Ils sont marrants! Les uns et les autres ne cessent de nous seriner avec les soi-disant retombées économiques de la "culture" mais dès que l'on parle recettes et dépenses,le fondement même de l'économie, alors là, bras au ciel,sacrilège, il ne faut pas parler chiffres dès qu'il s'agit de la sacro-sainte culture ou du moins tout ce qui se pare de ce terme

Écrit par : marion devineau | 01/03/2011

"Les depenses et les recettes les fondements de l'économie" notion ultra libérale de l'économie digne de l'école de chicago.
Et la notion de service public où est elle dans ton fondement de l'économie.
Quel est le retour sur investissement de la réfection de la grande rue, de la reparation de tel lieu public ou de la refection des halles?etc etc

Écrit par : ann | 01/03/2011

Dans ce cas ne nous parlez plus des retombées économiques

Écrit par : marion devineau | 01/03/2011

La culture apporte du bien notamment à ceux qui savent récolter sans jamais avoir semé

Lucette

Étonnant : Non ?

Écrit par : CAMELIO Jean-Louis | 02/03/2011

La culture apporte du bien notamment à ceux qui savent récolter sans jamais avoir semé

Lucette

Étonnant : Non ?

Écrit par : CAMELIO Jean-Louis | 02/03/2011

"Camélio, tu finiras par vider les ordures à la mairie, toi aussi !"

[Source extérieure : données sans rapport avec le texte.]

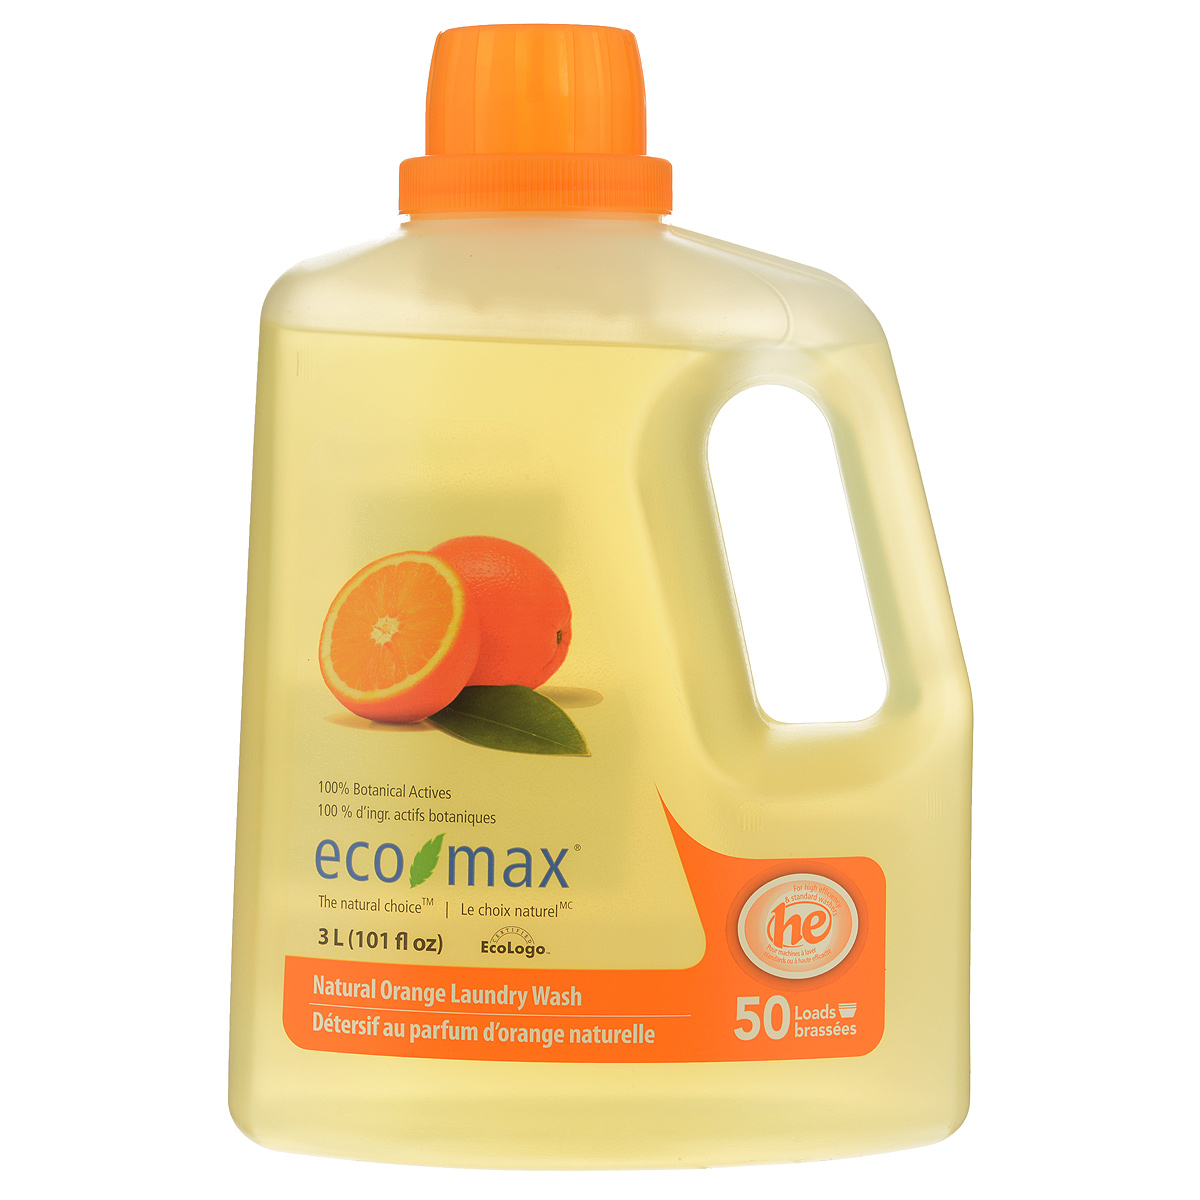 Жидкое средство для стирки Eco Max Апельсин, 3 л391602Жидкое средство для стирки Eco Max Апельсин - полностью натуральное, на растительной основе средство для стирки с освежающим ароматом апельсина. Благодаря низкому пенообразованию и отсутствию осадка безопасно для использования в стиральной машине. Нетоксично, без осадка, безопасно для детской одежды. В этом средстве используются активные чистящие вещества ингредиентов, полученных из биоразлагаемых и возобновляемых растительных источников. Подходит для ручной и машинной стирки, для всех типов ткани. Одного флакона хватает на 50 стирок. Состав: вода, ПАВ растительного происхождения, пищевая лимонная кислота, пищевой цитрат натрия, пищевой загуститель на основе целлюлозы и пищевой сорбат калия в качестве консерванта, натуральное эфирное апельсиновое масло. Товар сертифицирован.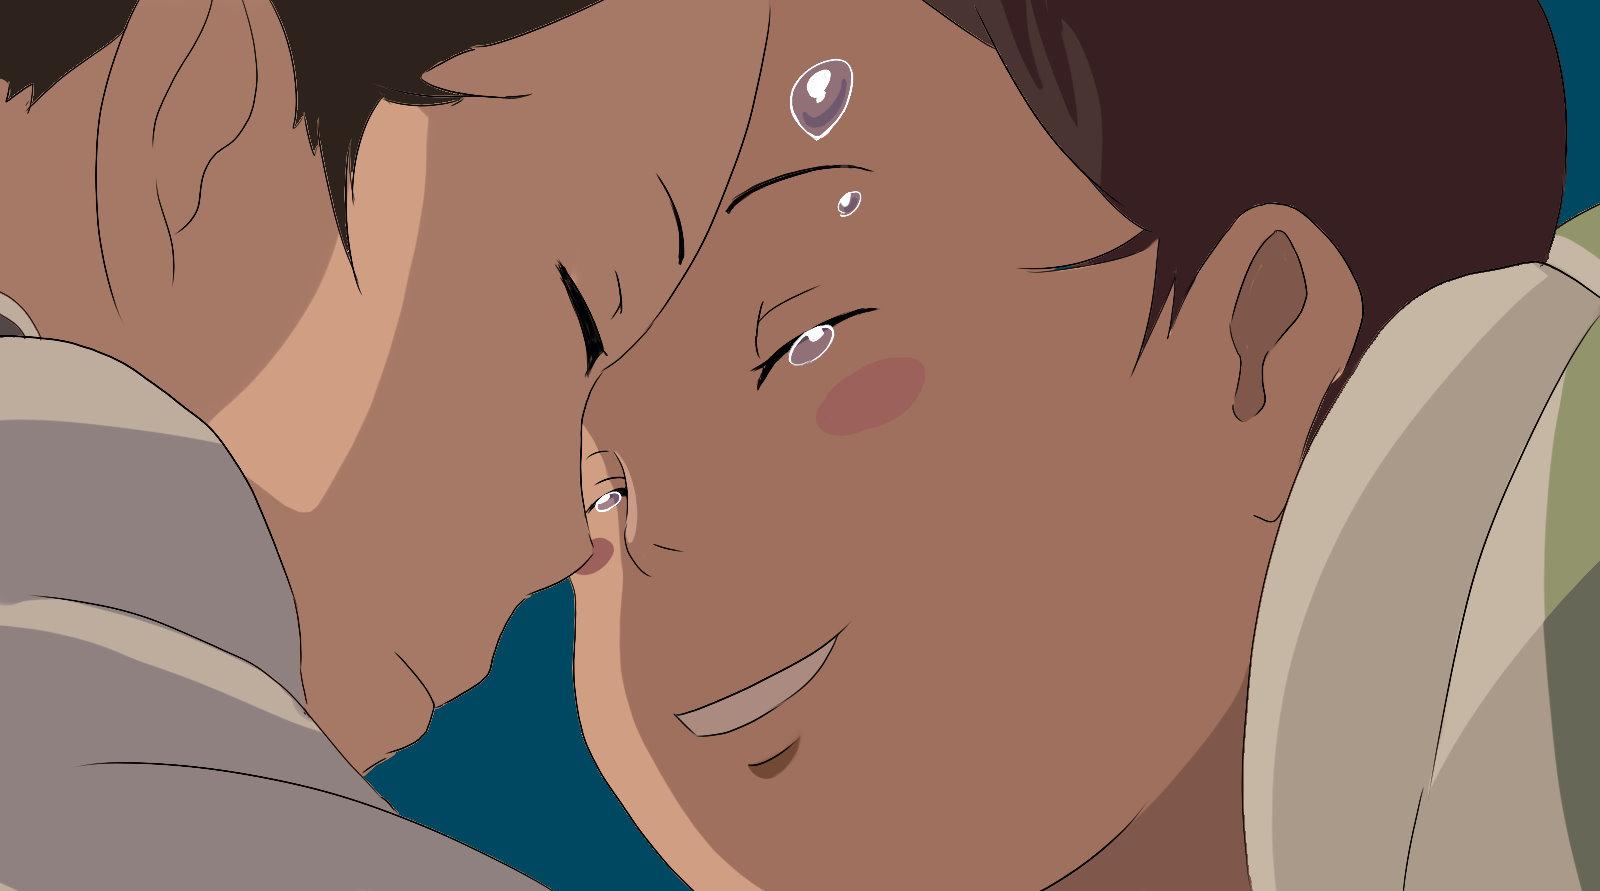 Spirited Away Quotes Sen To Chihiro No Kamikakushi Spirited Away Image 66926

Il a beaucoup de travail Semoir avec toutes les ordures qui se trouvent à la mairie, je ne sais si nous aurons assez de bennes et de conteneurs.

Et si nous devons nous charger de celles du deuxième canton nous ferons appel à Nicolin qui est spécialiste des déchets et du football, ce qui a l'ai d'aller de pair.

Étonnant : Non ?

Écrit par : CAMELIO Jean-Louis | 03/03/2011

Tu seras aussi dans le conteneur, camélio !
Je te reserve une place.

Écrit par : nouis licolin | 03/03/2011

Setori au lieu de Senoir et ce qui a l'air d'aller de pair.